O dendezeiro, ou palma de óleo, é cultivado na Região Norte, principalmente na Amazônia, e é uma boa opção de plantio para agricultores familiares da região. Além de o mercado do óleo de dendê estar em franca expansão, a produtividade da palma também é muito boa, chega a seis toneladas por hectare e produz mais óleo do que a soja e a mamona juntas. Segundo a pesquisadora, a empresa Agropalma, maior produtora de óleo de dendê, iniciou um programa de apoio a alguns agricultores assentados e os resultados estão sendo muito bons, com agricultores ganhando mais de R$ 1.500 por mês.
— Nenhuma outra planta consegue uma produtividade tão elevada como essa. A soja tem entre 500 e 600 quilos de óleo por hectare, a mamona entre mil e dois mil quilos por hectare e aí nós temos a palma com produtividade entre quatro mil e seis mil quilos de óleo por hectare ao ano. Além disso, a versatilidade de uso do óleo de dendê é uma coisa espetacular, está em sabonetes, biscoitos e ajuda a melhorar o tempo de prateleira dos produtos — diz a pesquisadora.
O cuidado principal que os produtores devem ter é na escolha de sementes da palma, porque ela é uma cultura que dura de 25 a 30 anos em campo, então uma semente de qualidade, um bom material, é fundamental para que a produtividade e a qualidade do óleo sejam o esperado. Uma ótima possibilidade para o agricultor familiar é plantar culturas consorciadas nas entrelinhas do dendê para amortizar os custos do plantio da palma. Estudos da Embrapa Amazônia Ocidental mostram que diversas culturas têm sido muito bem sucedidas neste propósito.

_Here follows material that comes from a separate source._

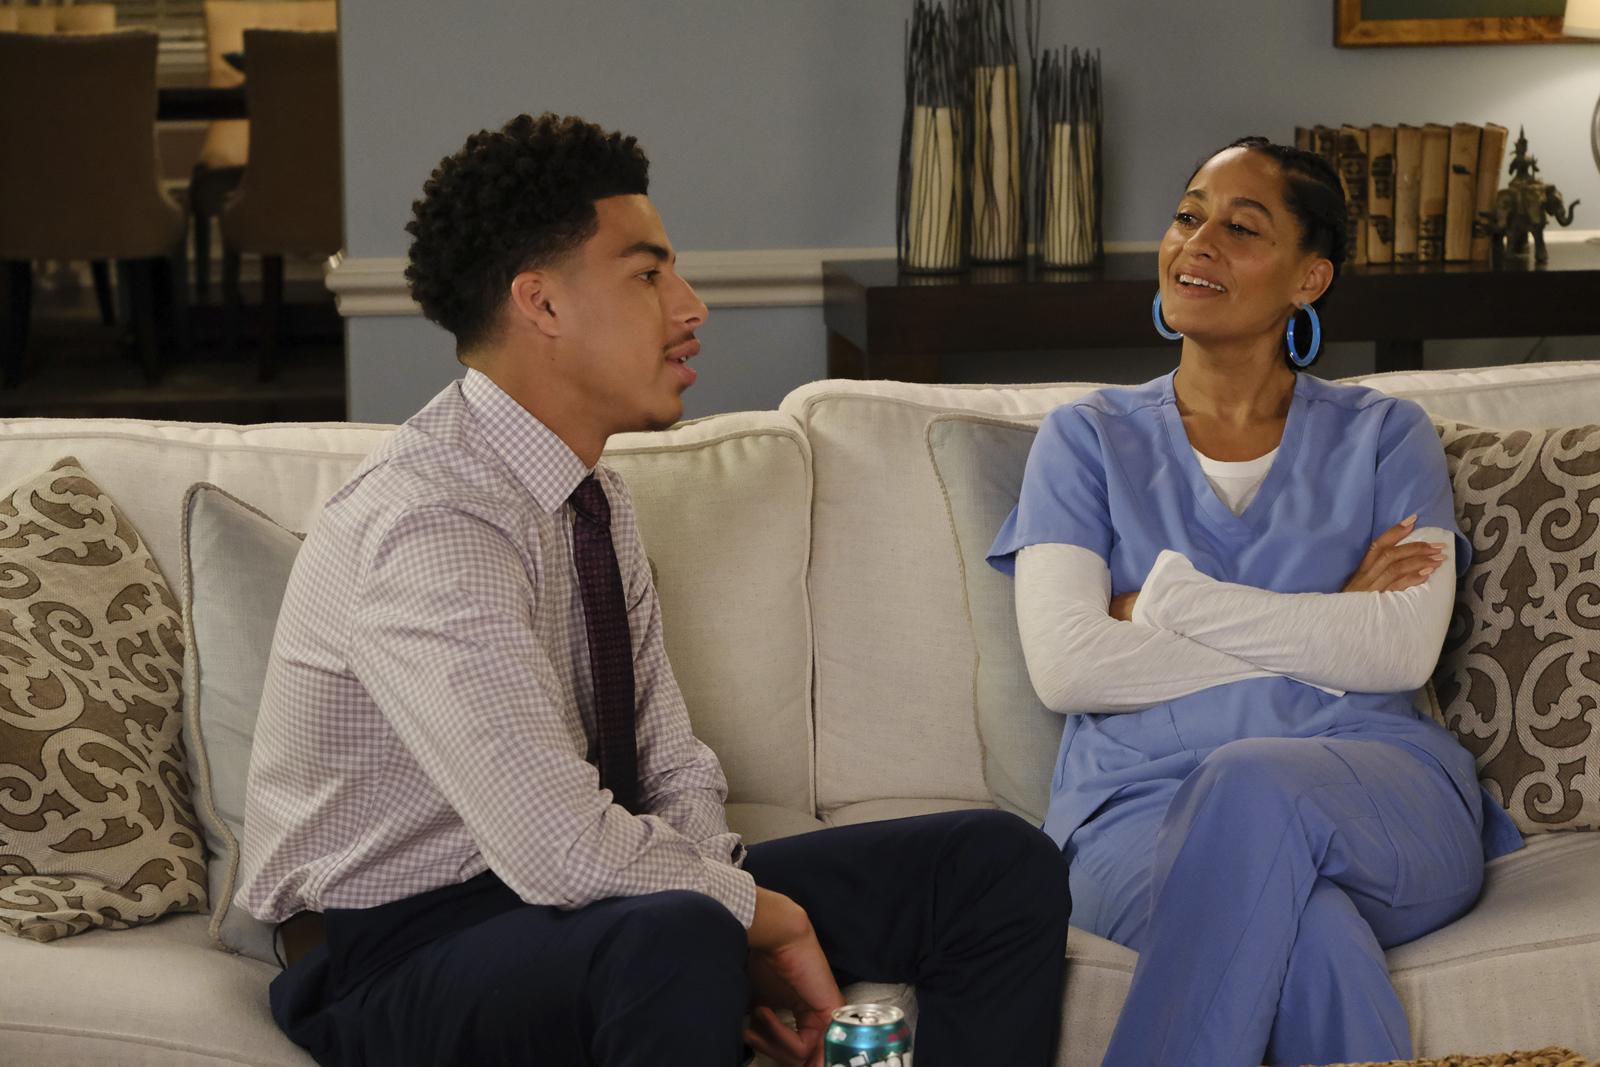 Cena de black-ish. Nela está um garoto e uma mulher sentados em um sofá branco. Na esquerda o jovem é negro e usa camisa listrada com uma gravata escura e calça social escura. Na direita, a mulher é negra e veste uniforme hospitalar azul.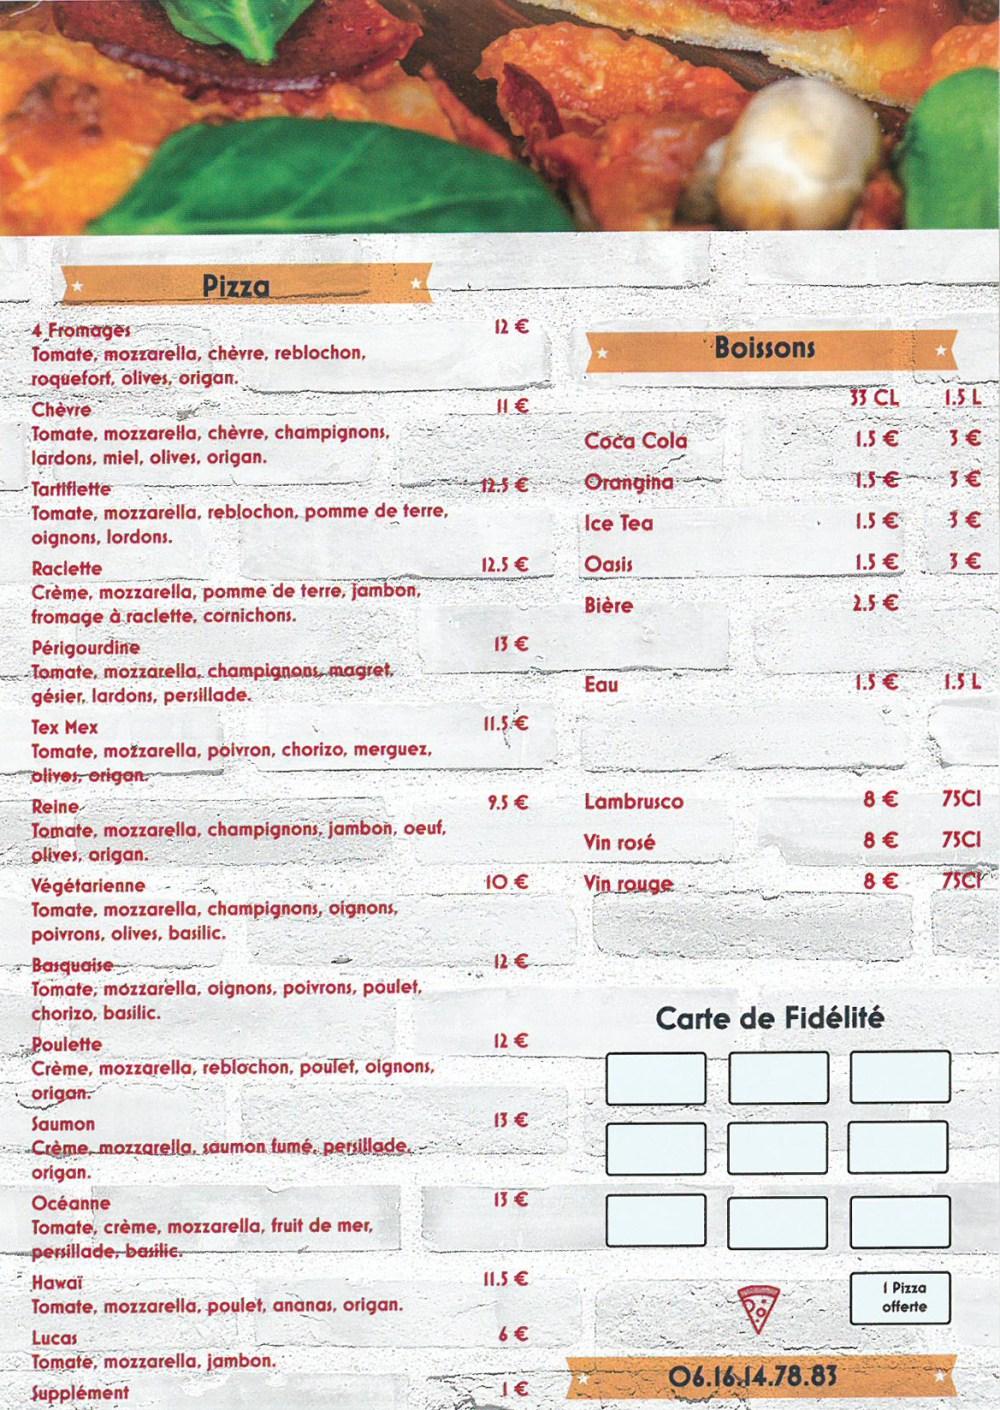 Pizza Verso

— Há a possibilidade de o produtor implantar nas entrelinhas, entre uma linha de dendê e outra, as culturas consorciadas durante quatro anos. É possível plantar entre as linhas banana, abacaxi, mandioca e batata doce. A Embrapa Amazônia Ocidental fez um estudo de dendê consorciado com estas culturas e mostrou que elas ajudam no custo de amortização da implantação do dendezeiro e o resultado varia de 70% a 100%, cobrindo o custo de plantação do dendezeiro — comemora Maria do Rosário.